I never posted about the extreme trauma that I went through during the Cannes Film Festival, but each and every day I was grappling with daily, crippling attacks from malicious IPs, apparently of a Chinese or Indian origin. I think it was sparked by fanatical woke haters, but I can’t prove it.

Liquid Web techies blocked and firewalled as best they could, but the attacks were unrelenting and the site was unloadable for periods of one to two hours minimum, almost every damn day.

In the midst of this horror the LW tech consultants suggested that I incorporate Cloudflare but that I needed to load new Cloudserver-friendly nameservers. Alas, I couldn’t do this during the festival as a name-server change always shuts a site down for roughly eight to twelve hours, to allow the new name-servers to propagate worldwide. (The Web.com/Network Solution tecchies insisted that full propagation could take 24 to 48….bullshit.)

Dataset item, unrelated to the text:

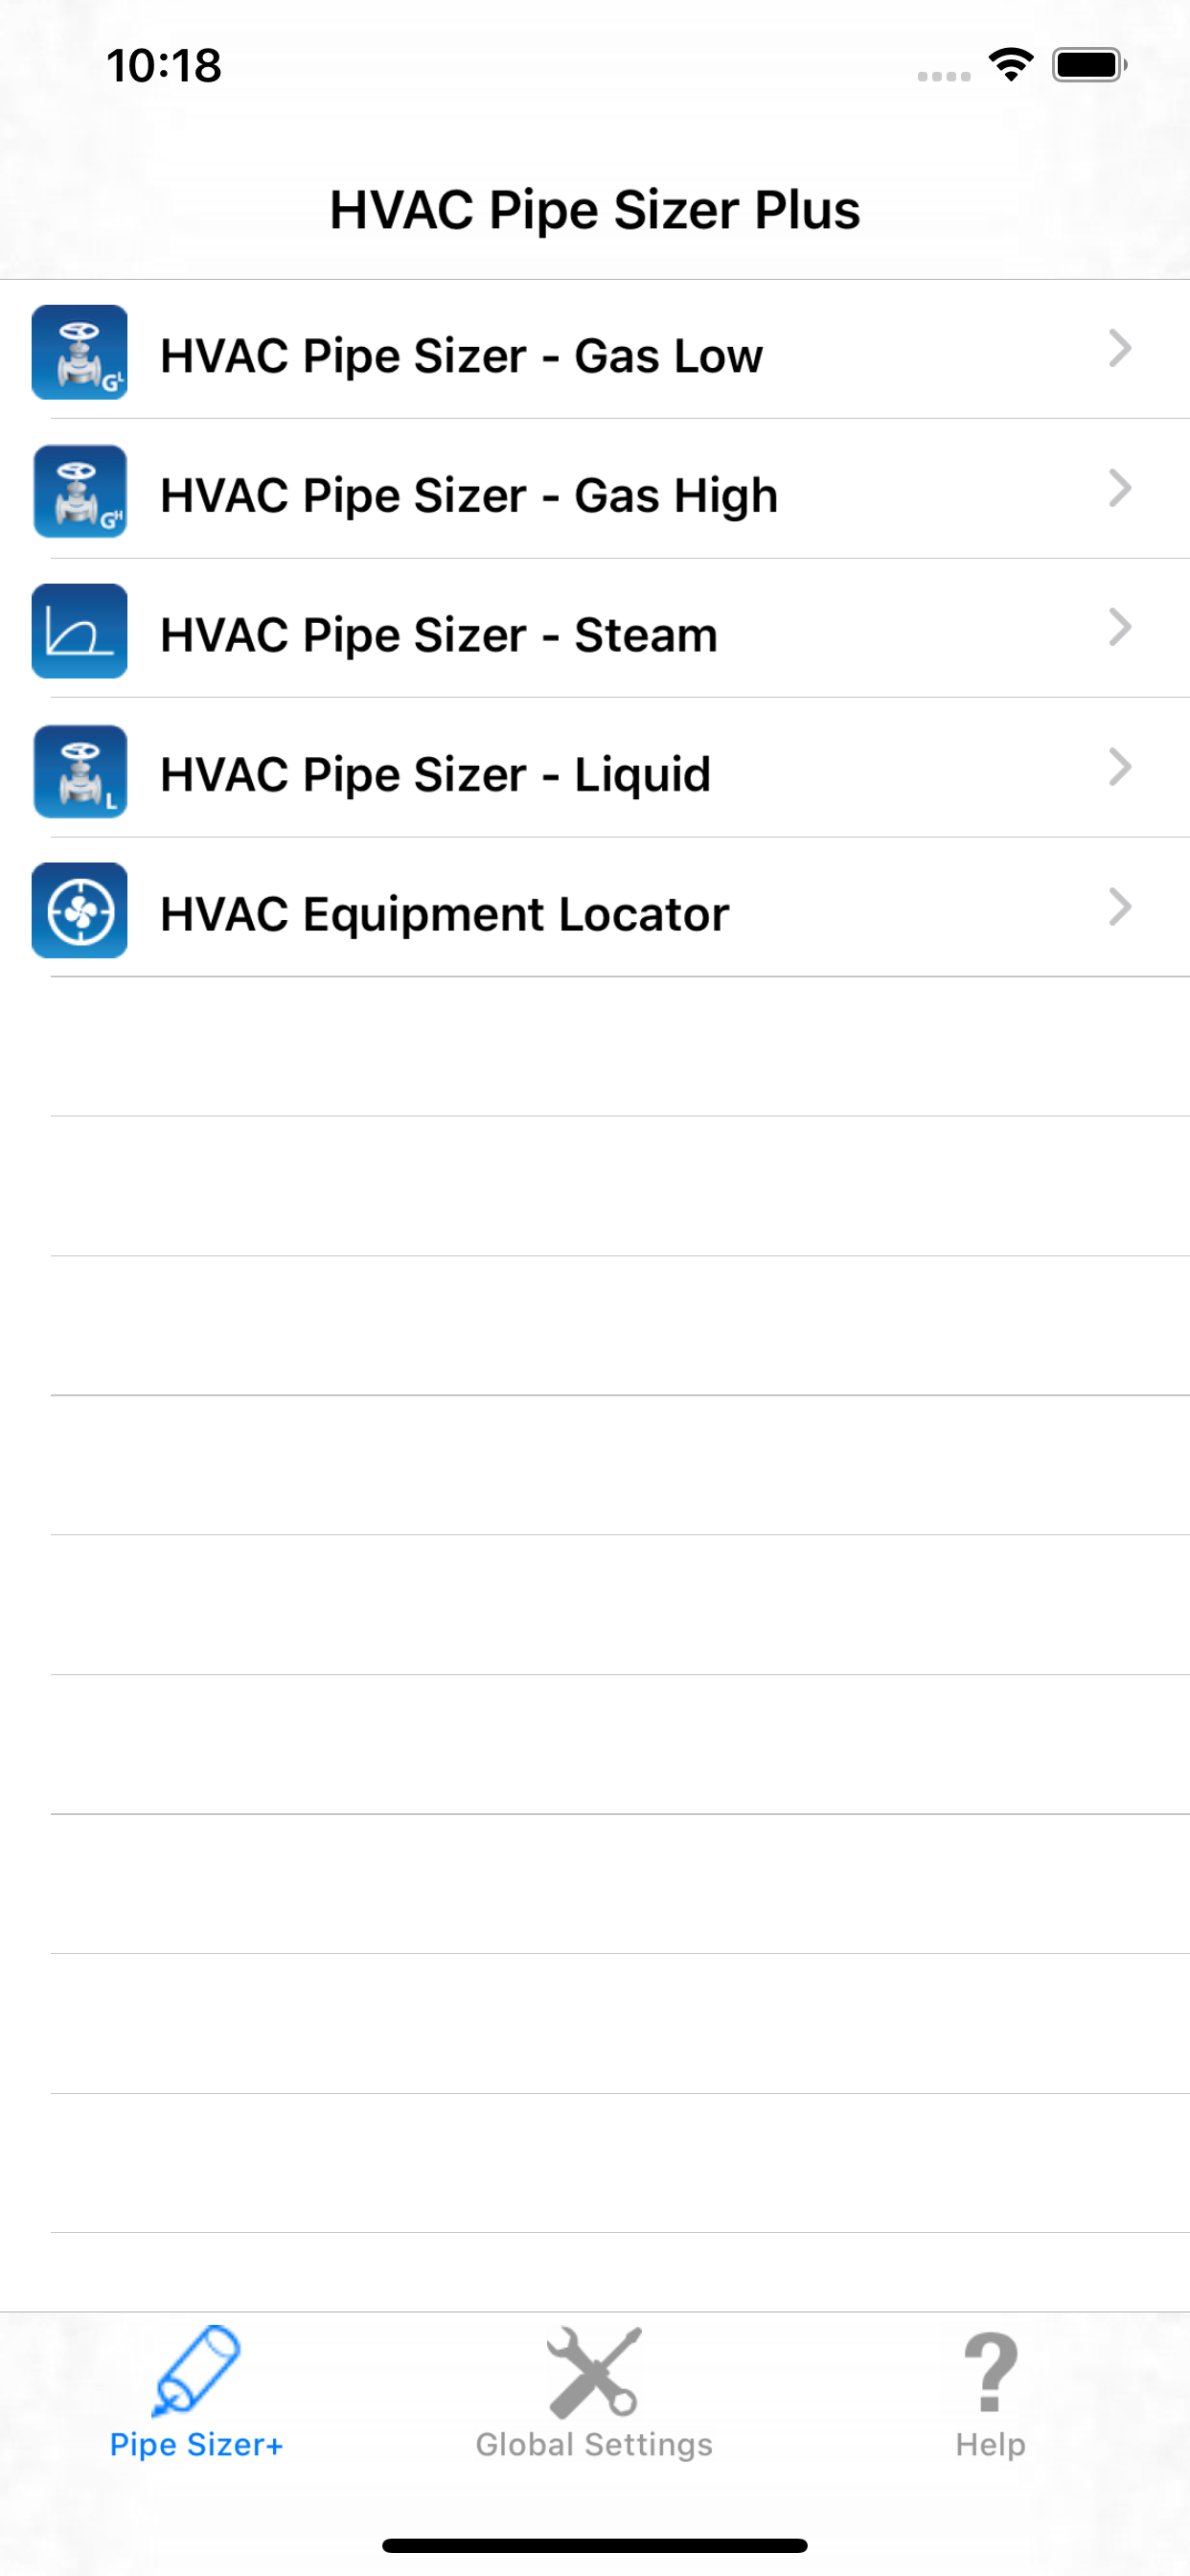 HVAC Pipe Sizer Plus App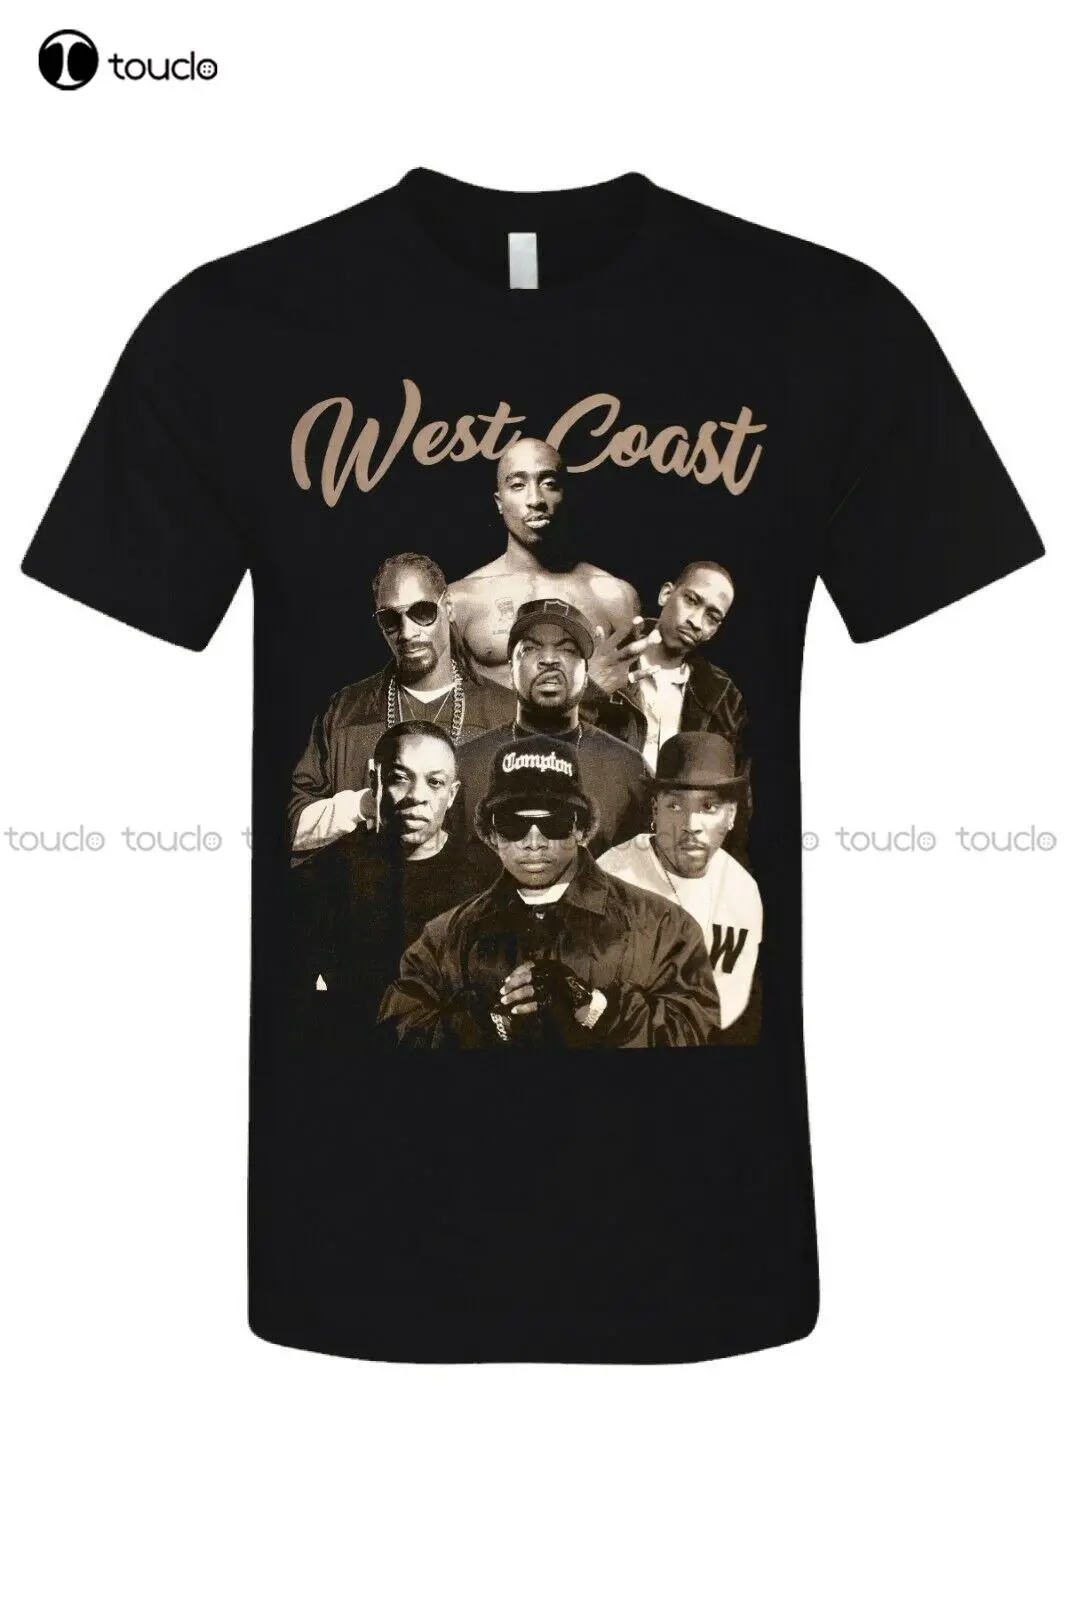 

Футболка West Coast легенды хип-хопа 2Pac & Compton Rappers, городская графическая футболка, новая Blk Унисекс Женская Мужская футболка

So yesterday afternoon I followed the advice of my Liquid Web tech advisors and switched out the name-servers. The site went down, of course, but I figured I’d be good by the time I woke up this morning.

But at 6 am, it wasn’t good. Two respected tracker sites (www.dnschecker.org and https://www.whatsmydns.net/#NS/www.hollywood-elsewhere.com) said it hadn’t really propagated at all. The Cloudflare-friendly nameservers weren’t kicking in….disaster. A bullshit suggestion as it turned out.

It took a couple of hours to try to revert back to a generic Liquid Web name-server, and it finally fell into place. But it was awful. Cloudflare is now operational. Who knows what’ll happen when the baddies strike again?